A Visit to the Philo Apple Farm

Apples grown the old-fashioned way.

You might not know Sally and Don Schmitt by name. But you know of them by their legacy.

They were the original owners of the French Laundry in Yountville. They transformed what was once variously a bar, laundry, brothel, then run-down rooming house into a destination restaurant with a prix fixe menu even back then that attracted wide acclaim and visits from the likes of Julia Child and Marion Cunningham. Opened in 1978, Don was the maitre d’ and Sally was the cook, serving up five French-comfort-style courses that topped out at $46 per person.

Entrepreneurs and pioneers, Sally and Don Schmitt.

In 1994, after a number of restaurateurs eyed the property with interest, the couple decided to take the chance to sell it to a then down-on-his-luck, young chef named Thomas Keller.

As Sally deadpans now, “That turned out pretty well, didn’t it?”

The Schmitts ran the original French Laundry restaurant. Here is their menu on opening night in 1978.

Sally, 79, and Don, 81 have a gift for seeing the potential in things most folks would turn their backs on.

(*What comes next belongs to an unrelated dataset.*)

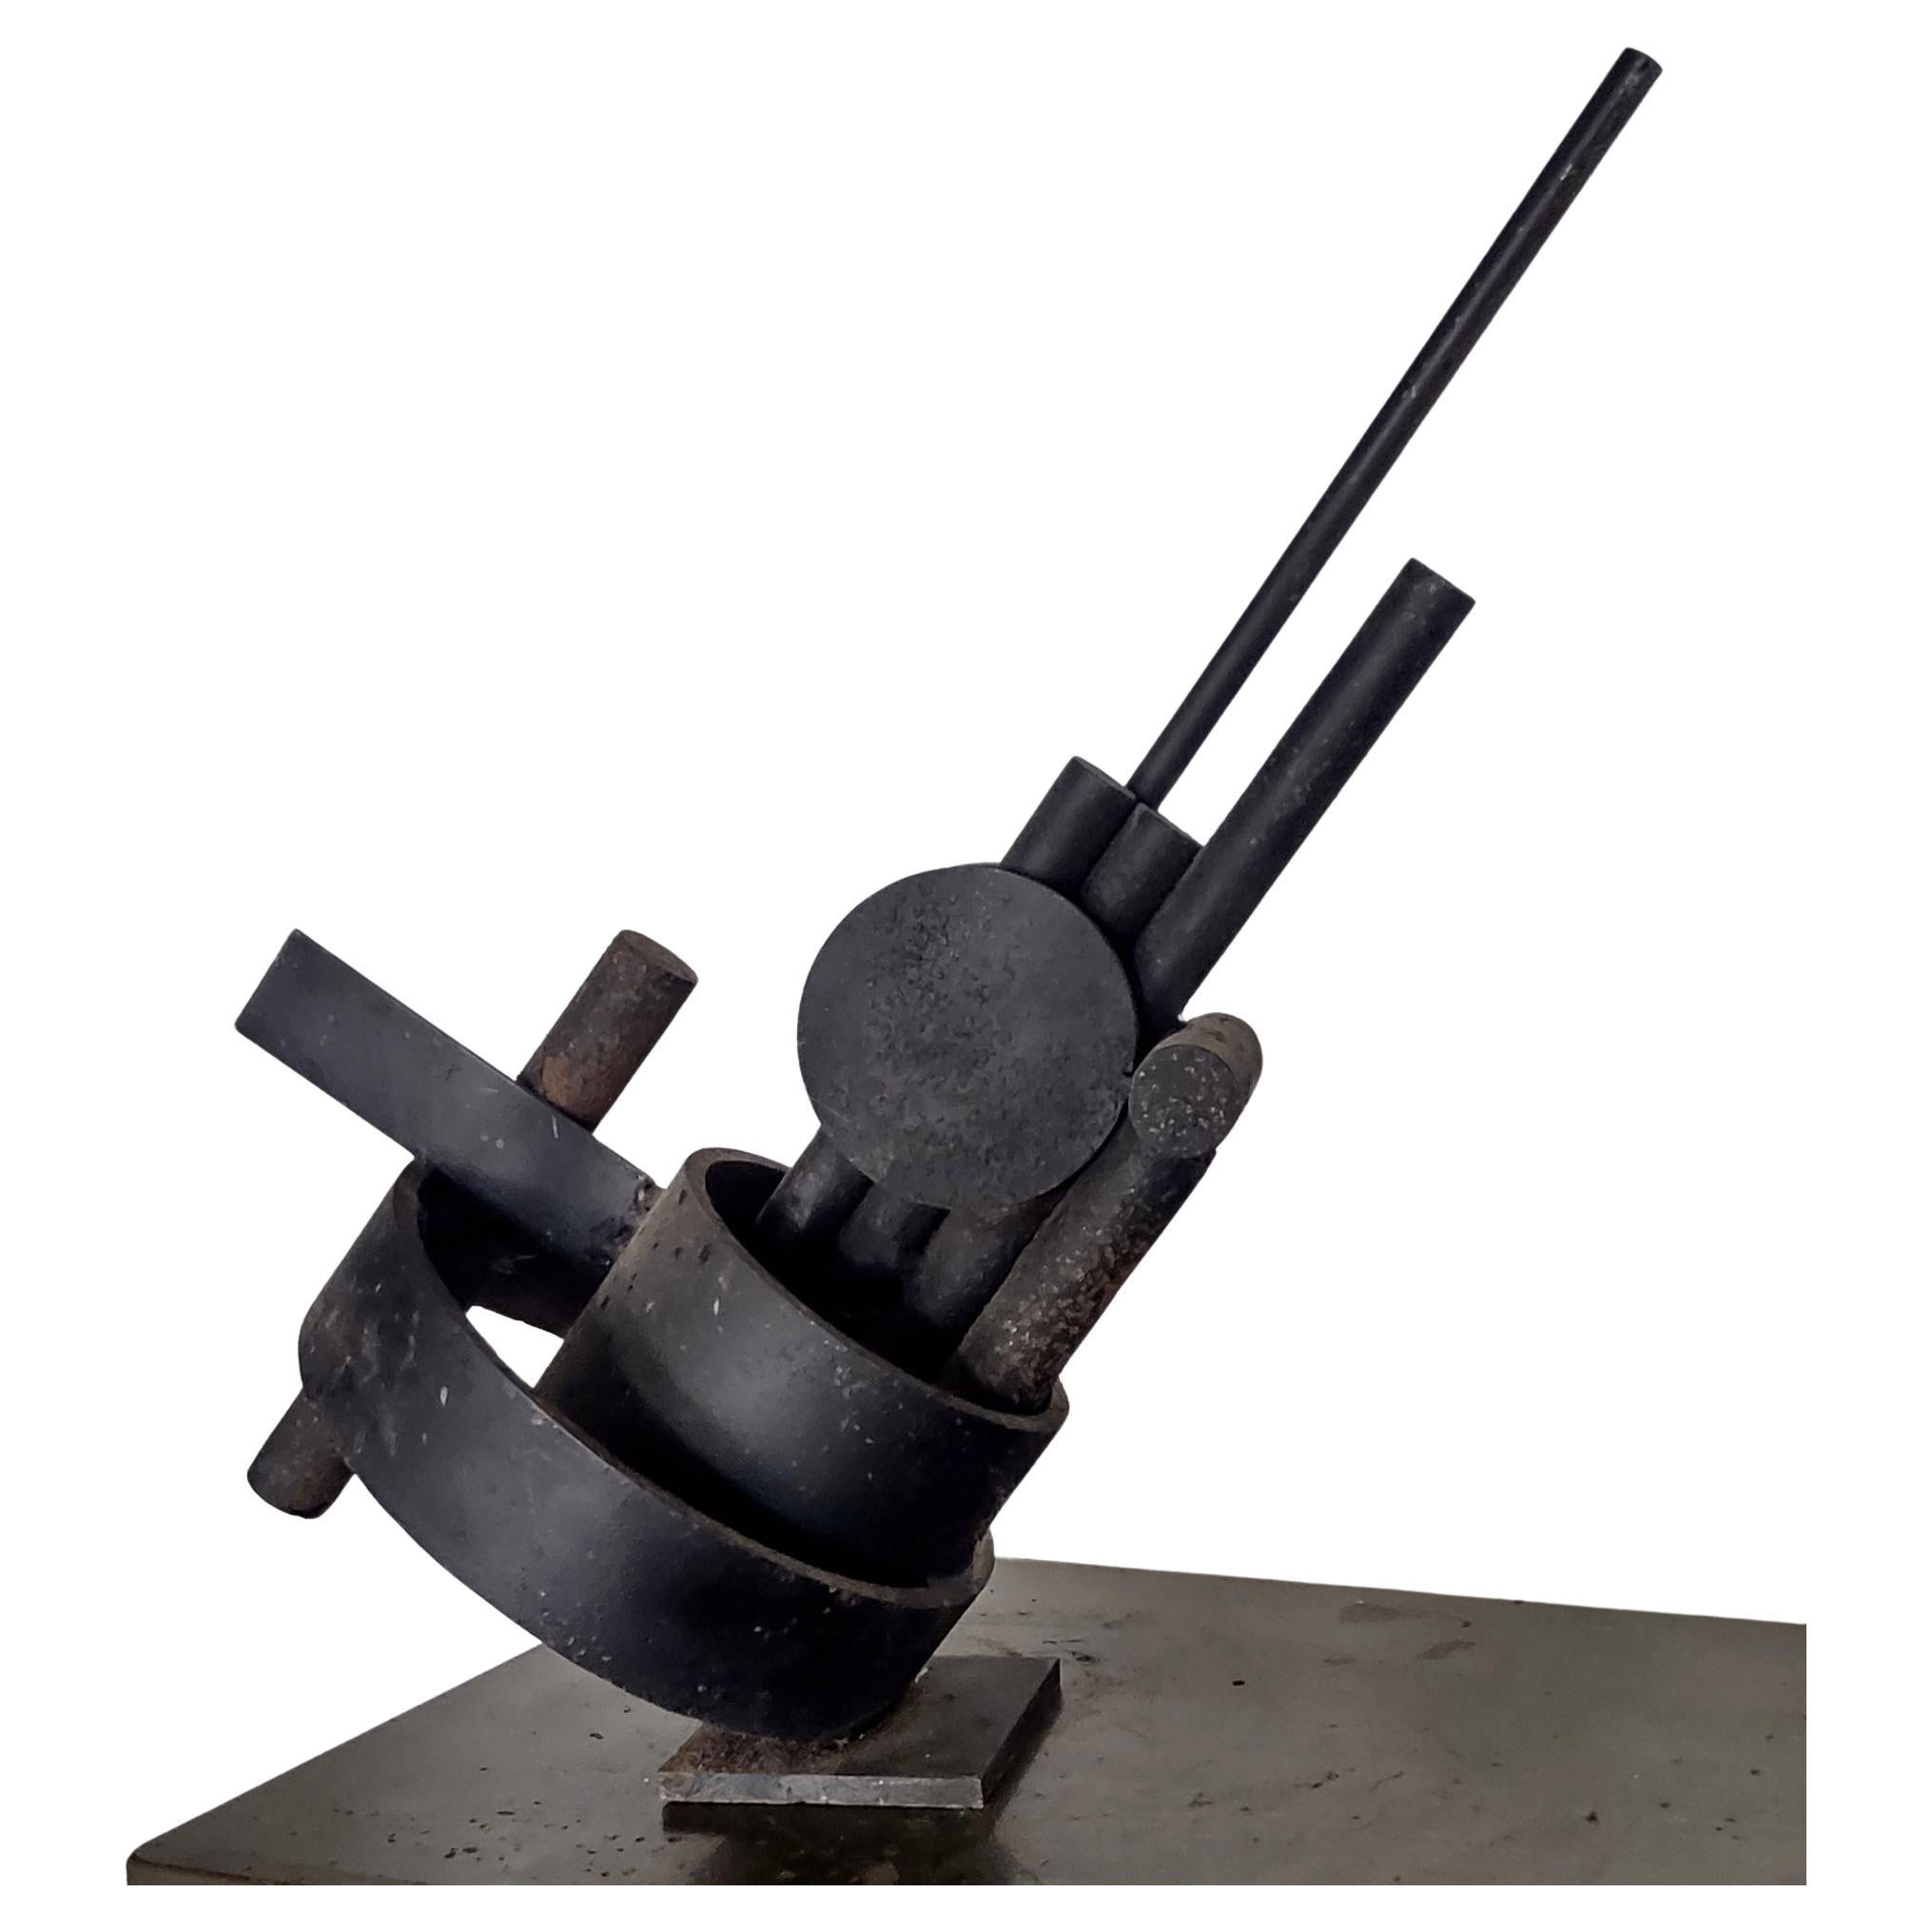 Modernist Enameled Steel Architectural Sculpture  "Senalizar" Patrick O'Brien  For Sale

After selling the French Laundry, they went on to refurbish yet another run-down property — a 30-acre swath in Philo in Mendocino County near the Navarro River. They turned what was once a decrepit sharecroppers farm into a thriving biodynamic farm specializing in heirloom apples. The Philo Apple Farm is so picturesque now that it’s a favorite setting for retailer Pottery Barn to do its catalog shoots.

On a drizzly fall day recently, I had a chance to tour the charming farm with its chickens, horses and 9o-year-old trees. It’s now run by one of the Schmitt’s daughters, Karen, and her husband, Tim Bates.

The 30-acre apple farm that the Schmitts lovingly restored.

Don and Sally, who are now retired, still visit the farm regularly. They gave me a tour of the property, where 80 varieties of apples grow with names like Ashmead’s Kernal, Esopus Spitzenburg, Pink Pearl and Roxbury Russett.

The picturesque farm, where Pottery Barn often shoots its catalog photos.

Tree branches shaped into arches.

As Don explains, Sebastopol is Gravenstein country; and Philo is Golden Delicious land. Over the years, of course, Golden Delicious has gotten a bad rap as the bimbo of apples — all looks, no substance.  Standard supermarket ones are usually kept in cold storage so long that they lose flavor and turn mushy. But the Golden Delicious at the Philo Farm are picked ripe. The crisp air also results in thinner skins. They have crunch and a delicate perfume. To distinguish them from run-of-the-mill Golden Delicious, the Schmitts call them, “Philo Golds” instead. They’re the apples that you’ll find gracing the tarte tatin at Bouchon Bistro in Yountville, too.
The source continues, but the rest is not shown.